Engineering students among the winners at March 26 Auburn Student Research Symposium

Published: Apr 5, 2024 10:35 AM

By Joe McAdory

Sixty-four students, including five from the Samuel Ginn College of Engineering, earned awards for oral and poster presentations of their research and creative scholarship following the 2024 Auburn University Student Research Symposium held March 26 at the Melton Student Center. Awards were presented in an April 2 ceremony.

Roughly 450 graduate and undergraduate students from Auburn University and Auburn University at Montgomery participated in the annual event, which showcases a broad spectrum of student research and scholarship from a variety of disciplines.

“The Samuel Ginn College of Engineering provides the best student-centered engineering experience in America and part of that experience is research,” said Allan David, interim associate dean for research. “Whether it’s hands-on work in a laboratory, crafting ideas into visual elements for poster presentations, or delivering project summaries in-person before an audience, research remains the cornerstone of the academic process. It’s how we develop fresh ideas that evolve into solutions to everyday problems. The Auburn University Research Symposium is an opportunity each spring for students to not only showcase their ideas but also exchange them. Congratulations to all students involved for their hard work and we look forward to one day seeing the fruits of their labor.”

The university recognized the best oral and poster presentations university-wide at the graduate and undergraduate levels in STEM-related and human sciences, social sciences, creative arts, nursing and humanities-related disciplines. Top researchers from each college were also recognized.

Daniel Meadows, a graduate student in chemical engineering under the mentorship of Professor Virginia Davis, won second place among all graduate STEM entries for his oral presentation, “Selective extraction of ethylene vinyl alcohol (EVOH) from K-cup plastic waste.”
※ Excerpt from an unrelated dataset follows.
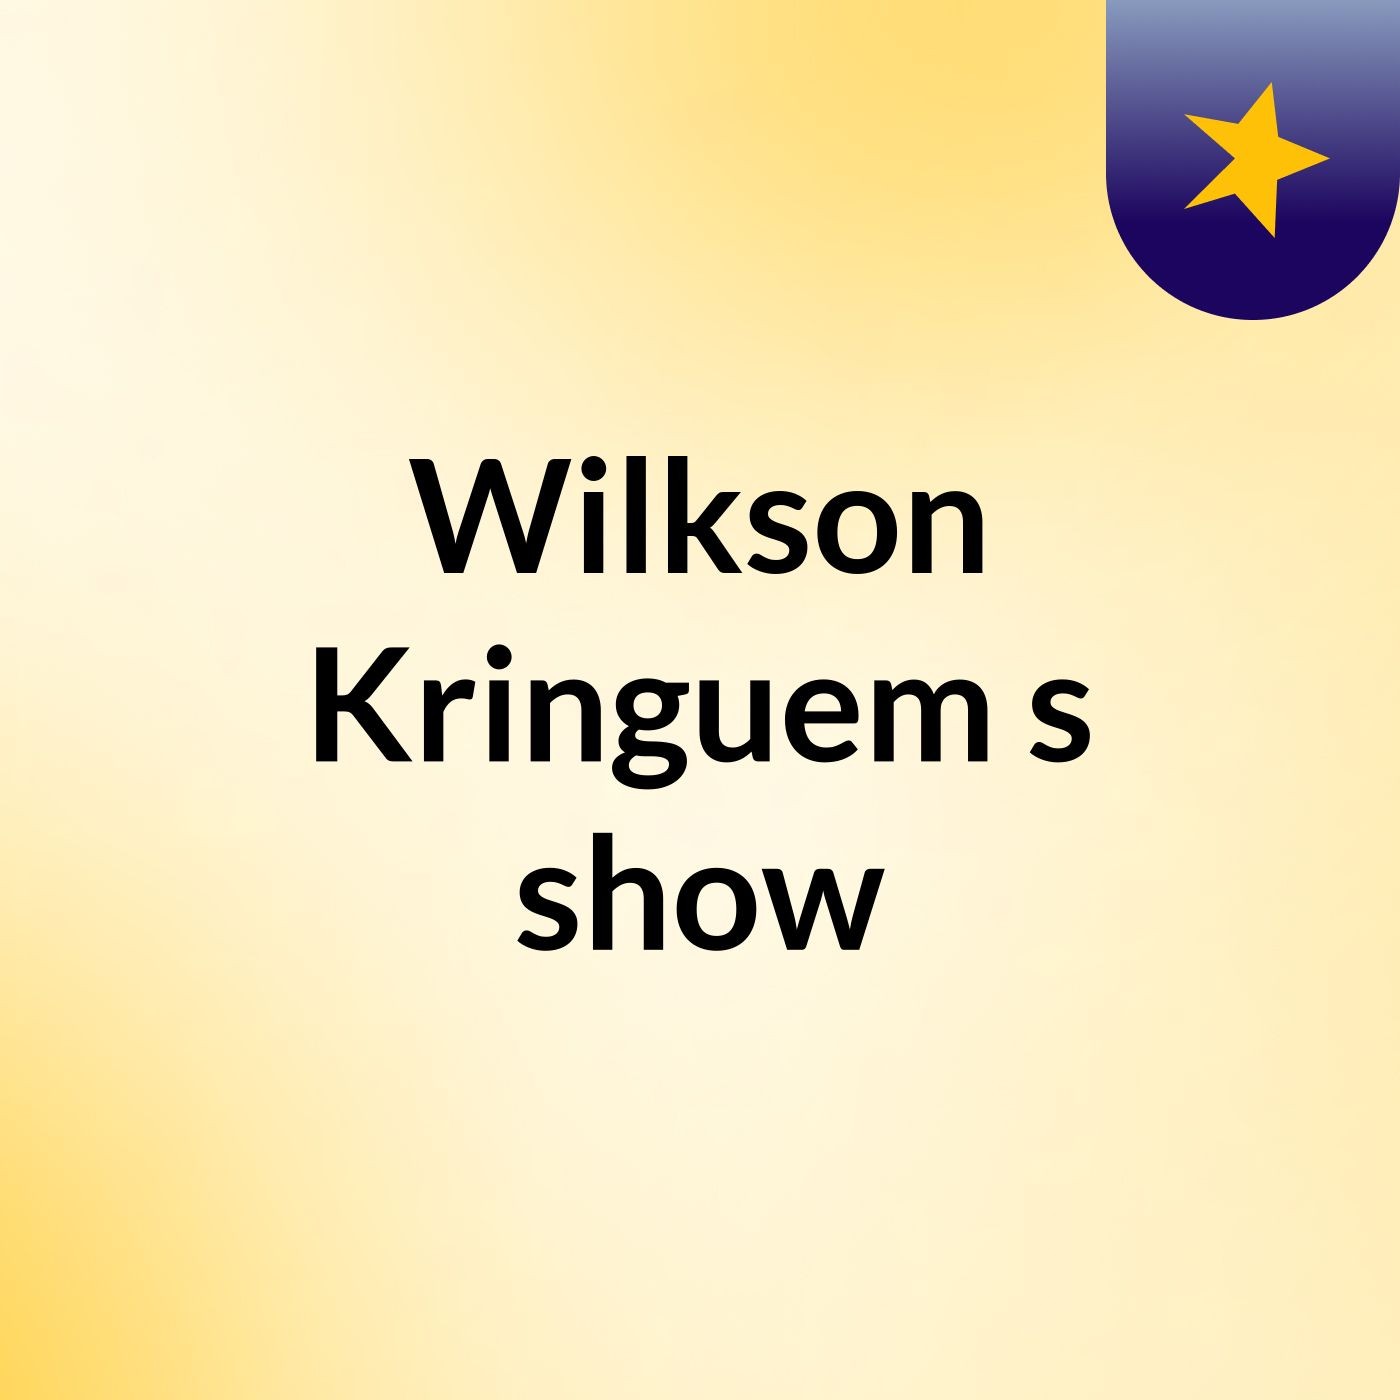 Wilkson Kringuem's show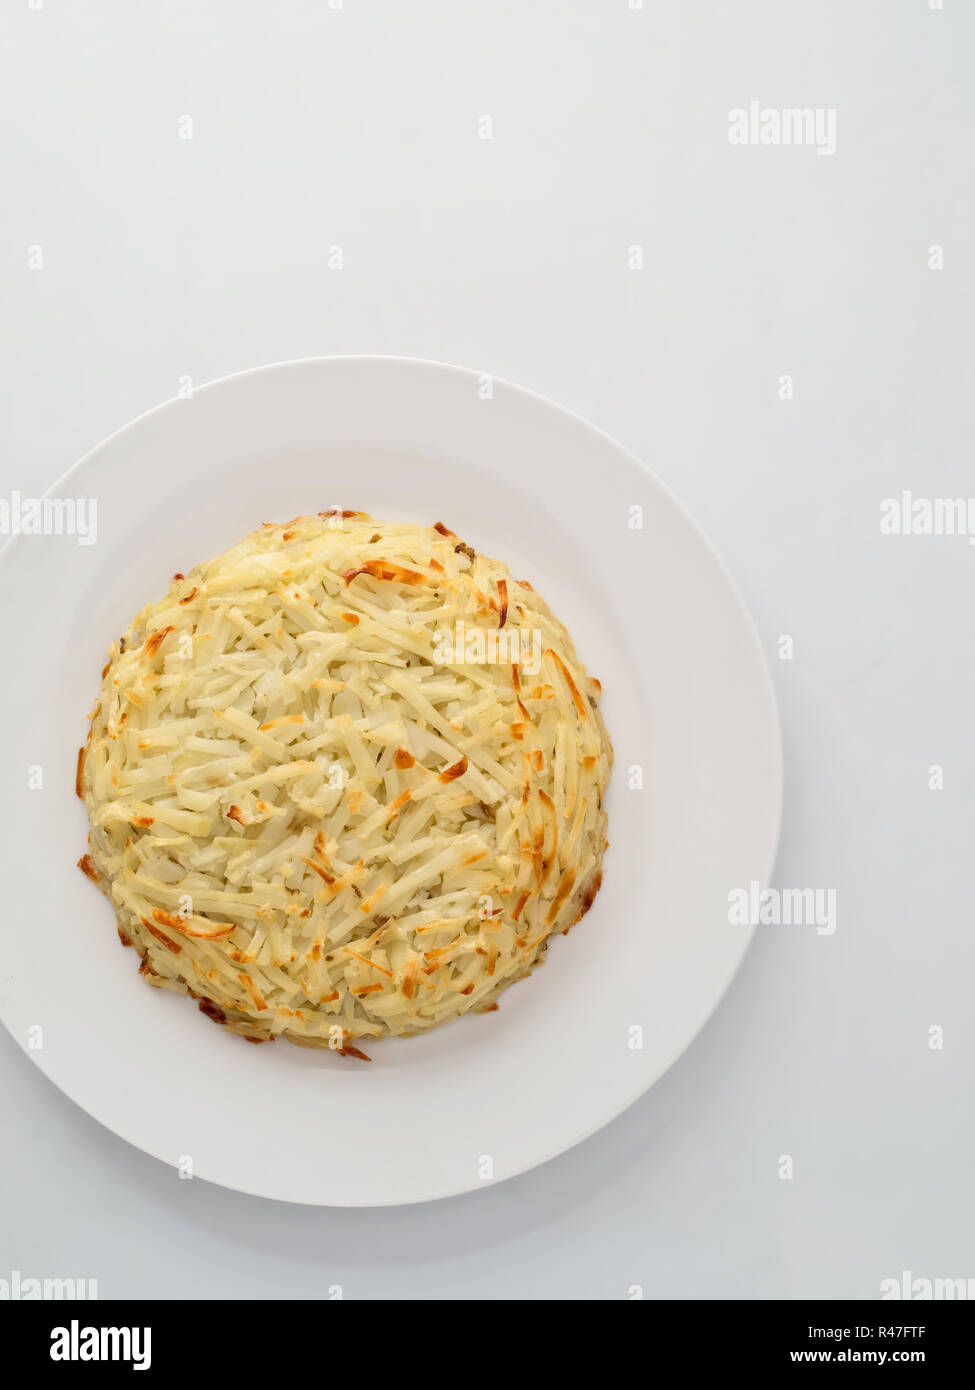 swiss potato rosti Stock Photo - Alamy

Engineering oral presentation winners were Tori Phillips, a graduate student in chemical engineering under the mentorship of Assistant Professor Jean-Francis Louf for the entry, “Connecting Plant Root Architecture and Water Transport Abilities Using a Transparent Soil,” and Erik Mulder, an undergraduate in aerospace engineering under the mentorship of Assistant Professor Davide Guzzetti, for the entry, “Analyzing Data-Driven CR3BP Representations for Immersive Astrodynamics Catalogs.”
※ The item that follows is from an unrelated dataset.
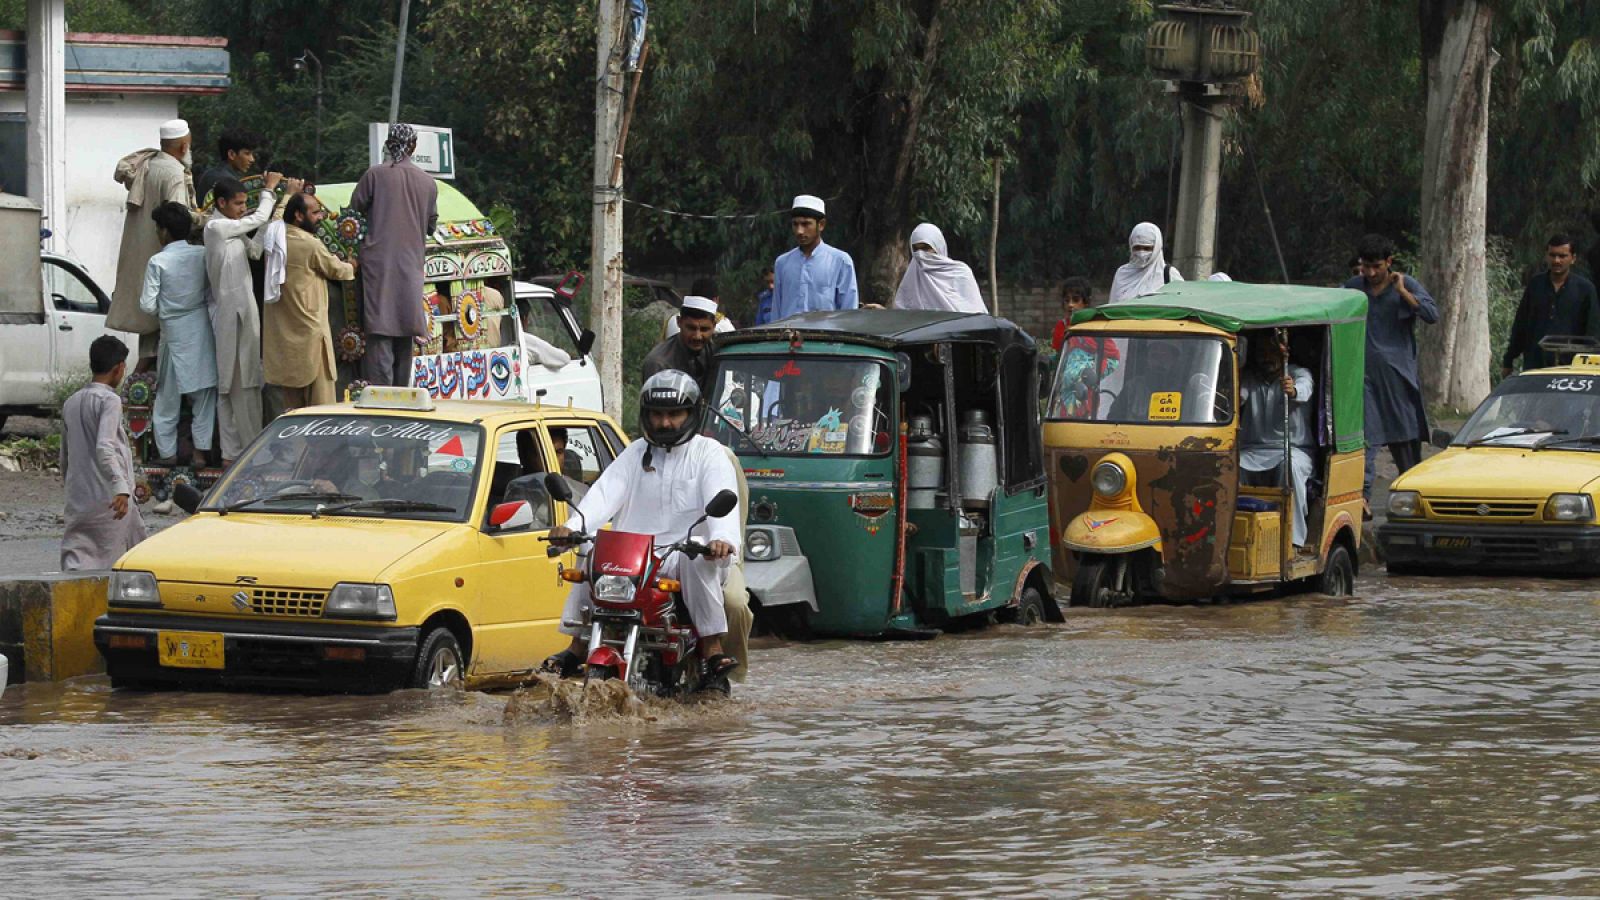 Vehículos circulan por una calle inundada en Peshawar, Pakistán

Auburn Engineering’s poster presentation winners were Ashish Bhattarai, a graduate student in biosystems engineering, working with Presidential Graduate Research Fellow Sagar Kafle and under the mentorship of Professor Sushil Adhikari, for the entry, “Linear regression model to predict the feeding rate in a laboratory-scale gasifier,” and Emily Kimbrell, an undergraduate in computer science and software engineering for the presentation, “A centralized user interface to display satellite mega-constellations in a gamified system.”

“Not only is this an opportunity for students to present what they have learned through their research experiences to a broad audience, but the symposium empowers participants to share their thoughts, discoveries and creative work,” said Lorenzo Cremaschi, professor of mechanical engineering and Auburn University’s director of undergraduate research. “This year, the first-rate presentations provided a forum for cross-college networking. The conversations in the rooms were lively and vibrant. I thank all the presenters and judges who participated in the symposium, making it a truly engaging opportunity. I congratulate the award winners for their outstanding work during what is becoming a signature event for the University.”

A complete list of winners, along with titles of their projects, is available on the Student Research Symposium web site.